Implications for Policy and Public Discourse

The decline in urgency and support for action against climate change among younger adults is particularly concerning. Historically, this demographic has been pivotal in pushing for environmental reforms. The shift could result from various factors, including climate change fatigue, skepticism over the effectiveness of proposed policies, or broader political and social disillusionment.

“Support for climate action remains relatively high in absolute terms, but it has softened due to a drop in the sense of urgency on this issue, particularly among younger adults,”

https://www.monmouth.edu/polling-institute/reports/monmouthpoll_us_050624/

explains Patrick Murray, director of the Monmouth University Polling Institute.
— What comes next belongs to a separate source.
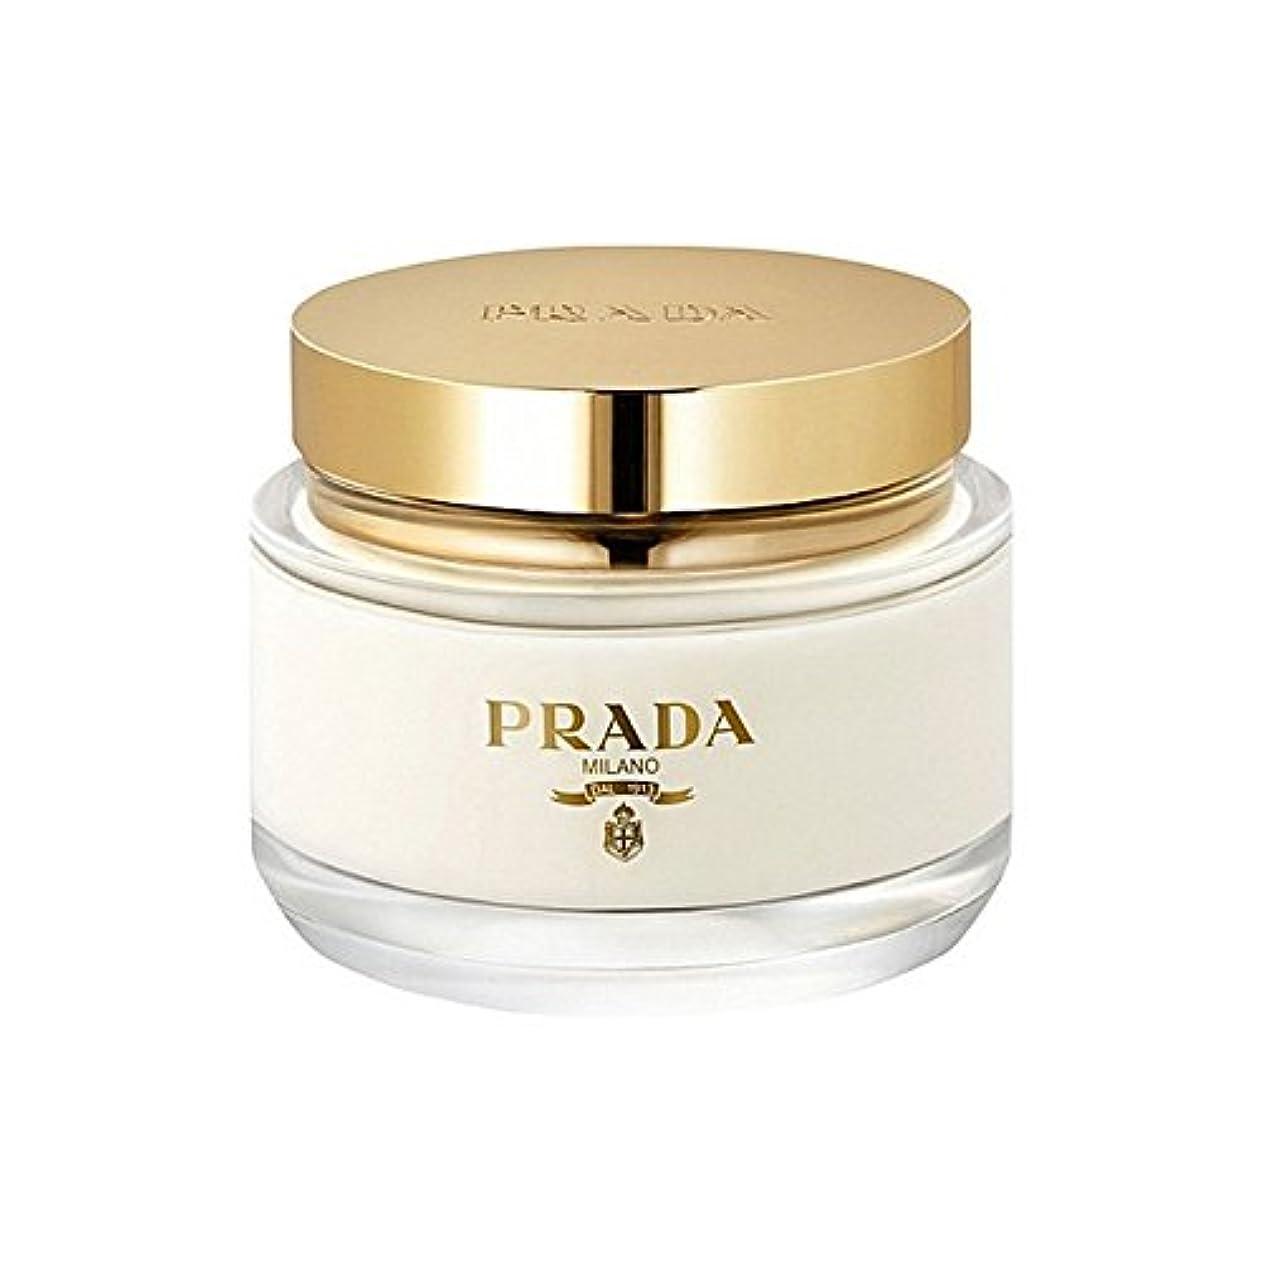 ルビーコインなるプラダラファムボディクリーム200ミリリットル x4 - Prada La Femme Body Cream 200ml (Pack of 4) [並行輸入品]

This waning enthusiasm could lead to significant challenges in advancing climate-related policies, potentially limiting the scale and scope of actions taken.

Conclusion: A Call for Critical Examination and Renewed Dialogue

The Monmouth Poll’s findings serve as a crucial barometer of public sentiment, suggesting that while belief in climate change remains relatively stable, there is a growing ambivalence about its severity and the effectiveness of governmental action.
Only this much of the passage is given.